[Items listed in a dataset]
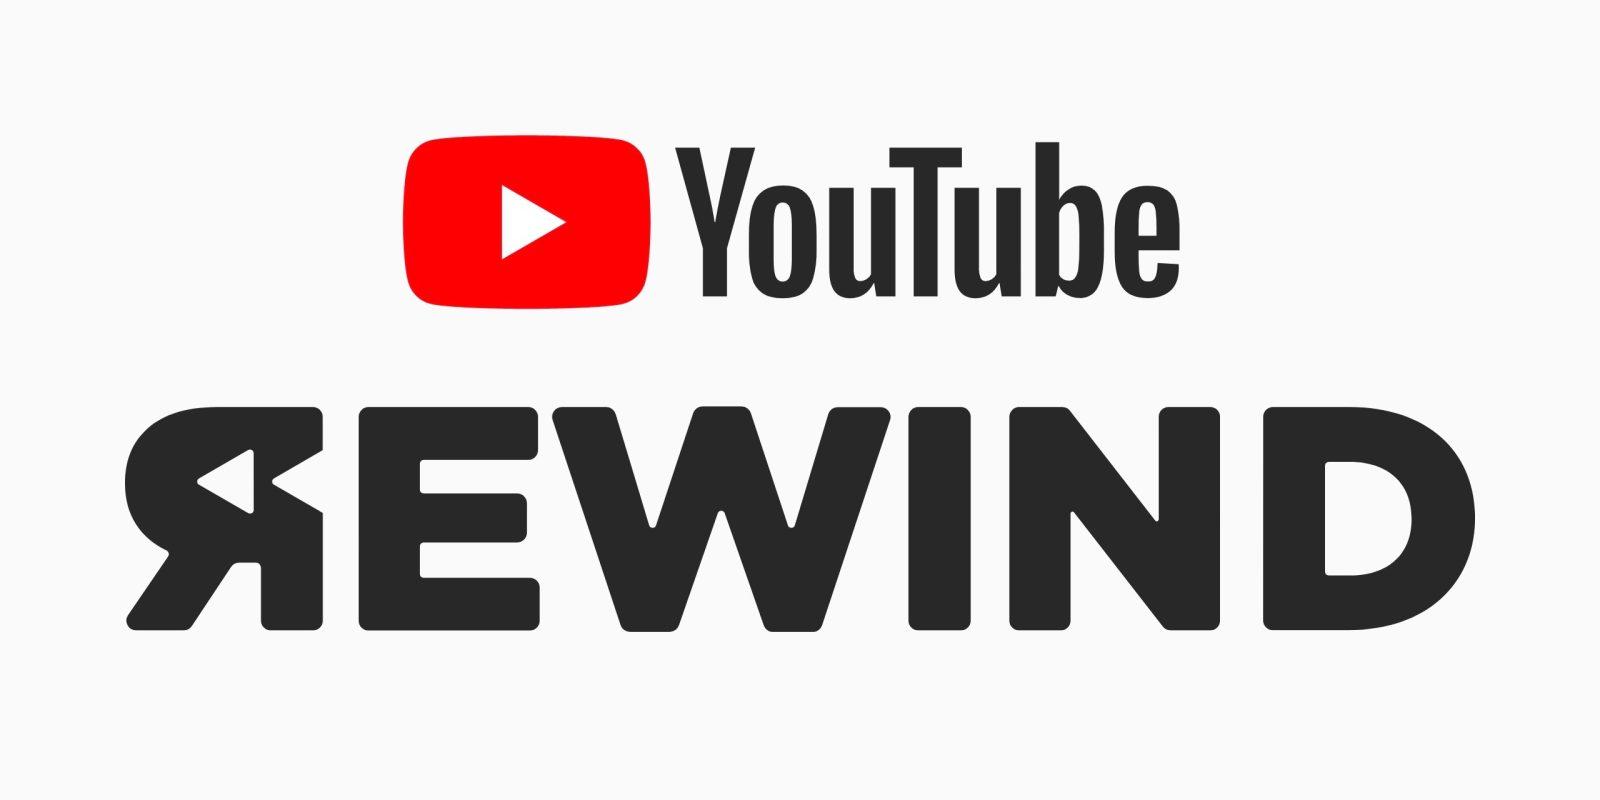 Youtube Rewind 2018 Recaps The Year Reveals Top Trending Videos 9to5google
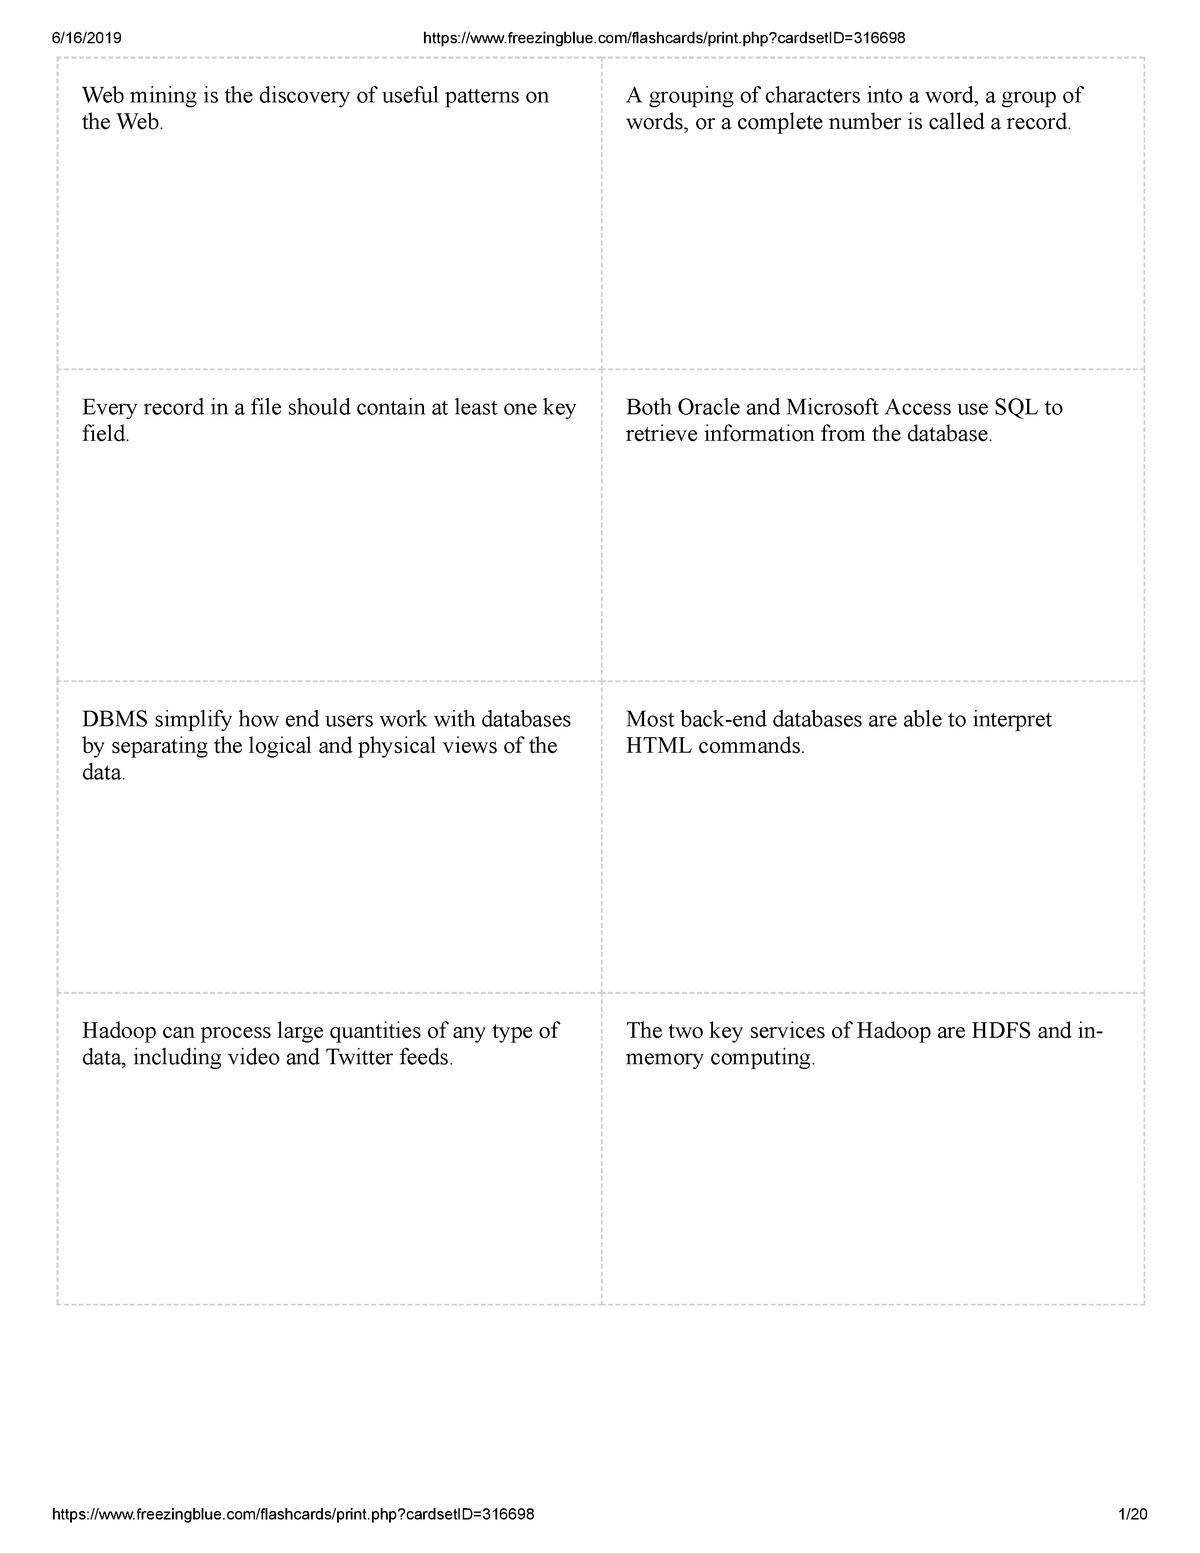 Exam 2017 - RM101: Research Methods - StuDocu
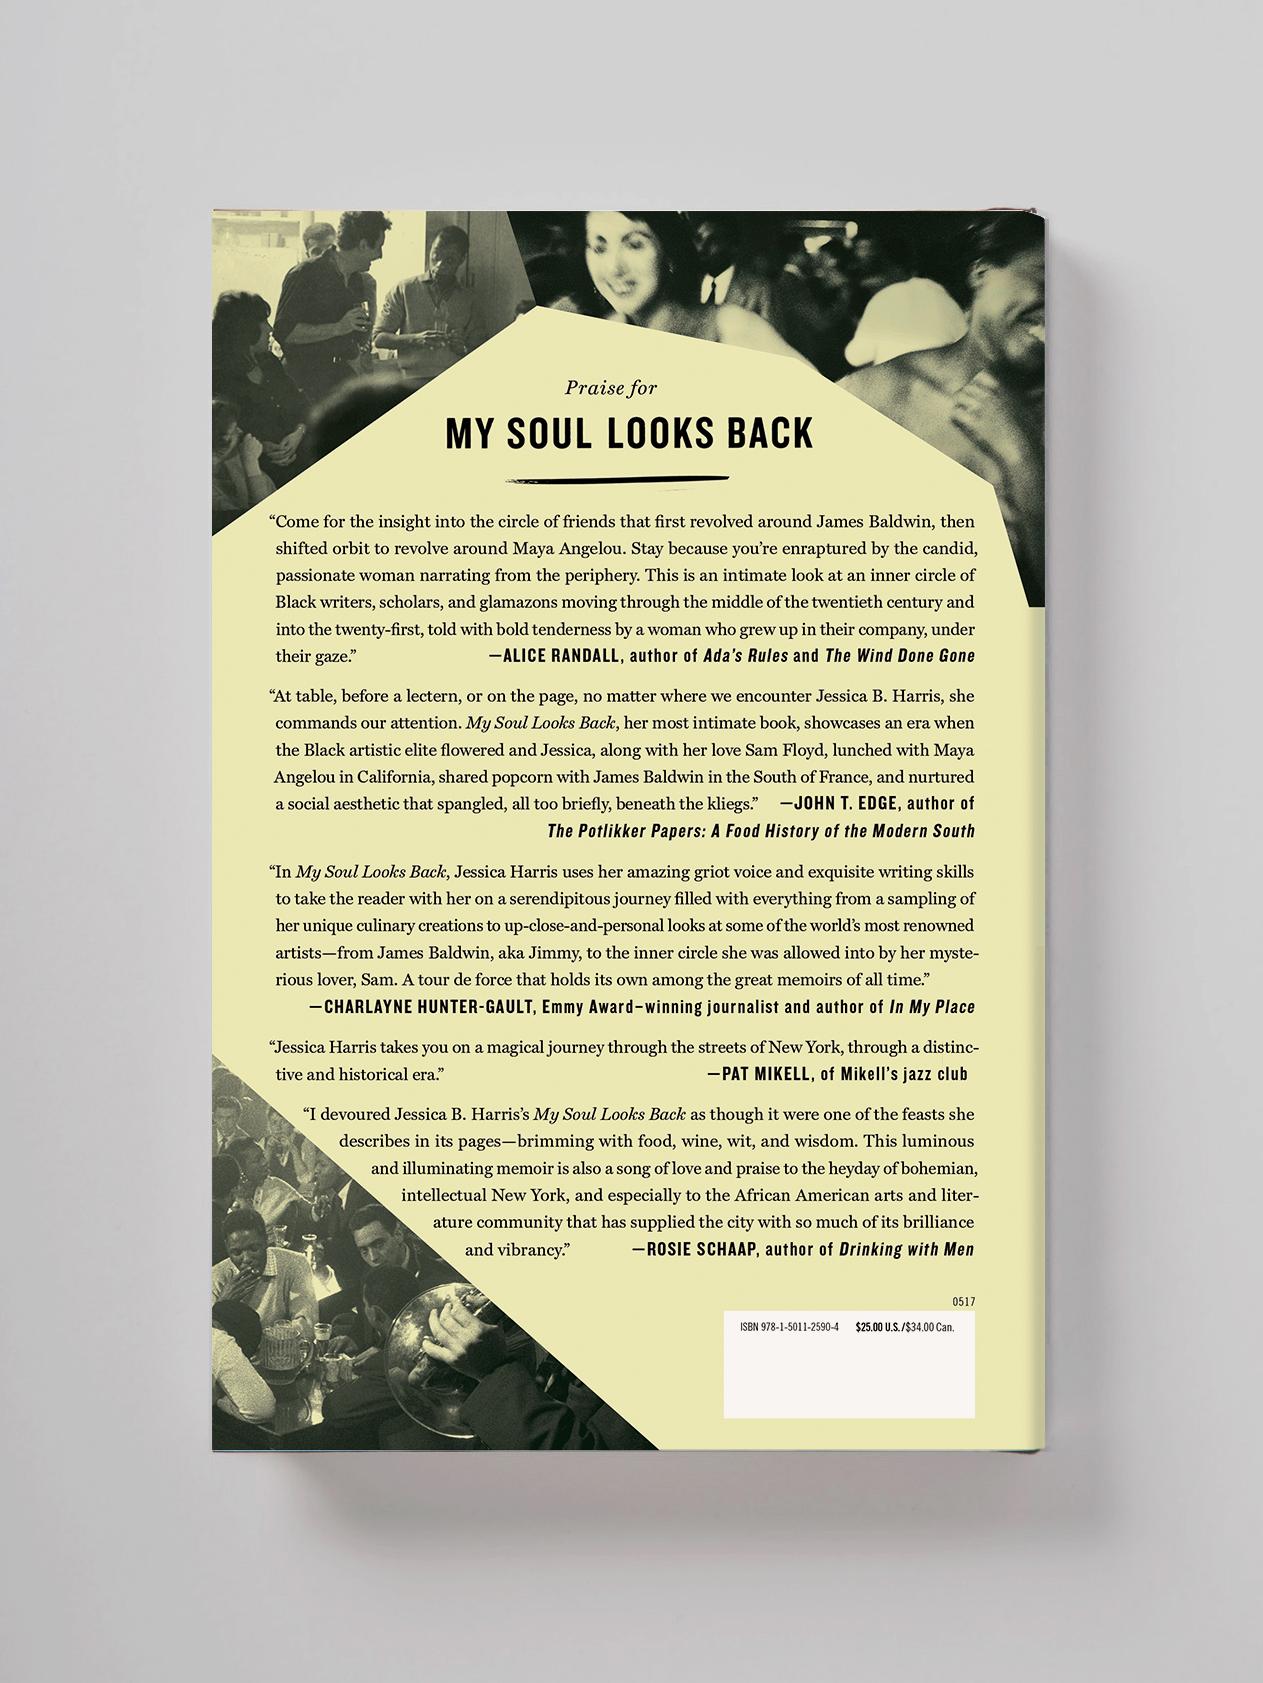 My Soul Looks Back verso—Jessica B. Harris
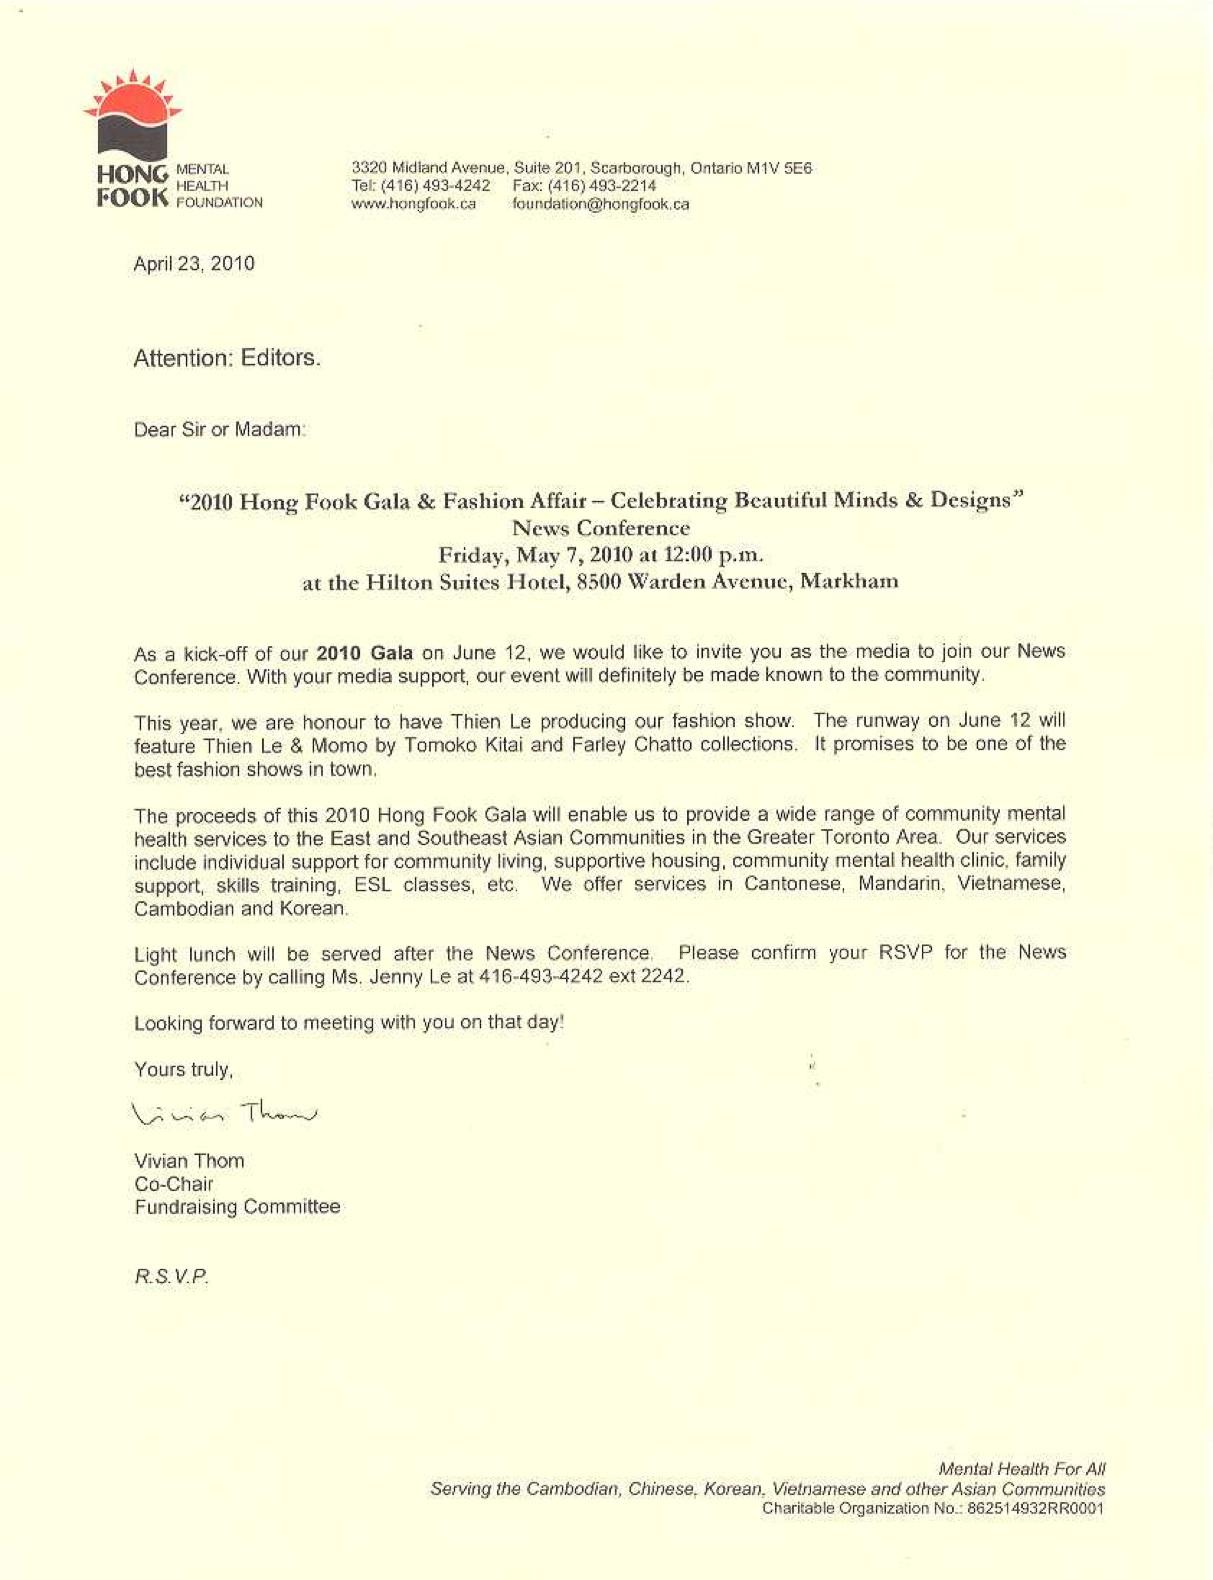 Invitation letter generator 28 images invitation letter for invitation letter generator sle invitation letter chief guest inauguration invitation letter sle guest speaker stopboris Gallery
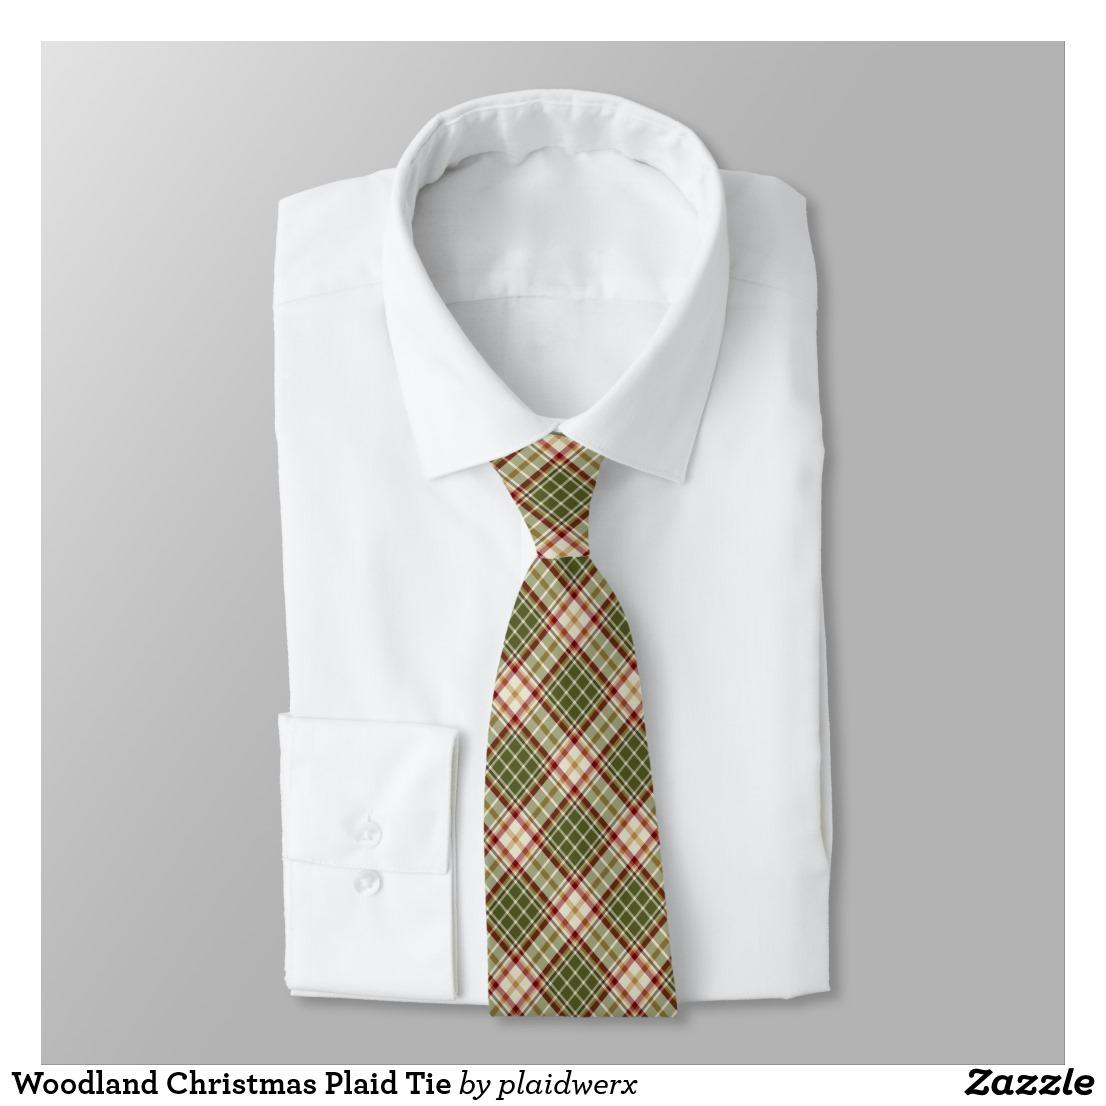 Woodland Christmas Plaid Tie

- [ABOUT THIS TASK] Nothing but the lines from the one containing "My Soul Looks Back verso—Jessica B. Harris" through the last line of the records should appear in the copy, exactly as written and without pictures.

- [TASK RESULT]
 My Soul Looks Back verso—Jessica B. Harris
 Invitation letter generator 28 images invitation letter for invitation letter generator sle invitation letter chief guest inauguration invitation letter sle guest speaker stopboris Gallery
 Woodland Christmas Plaid Tie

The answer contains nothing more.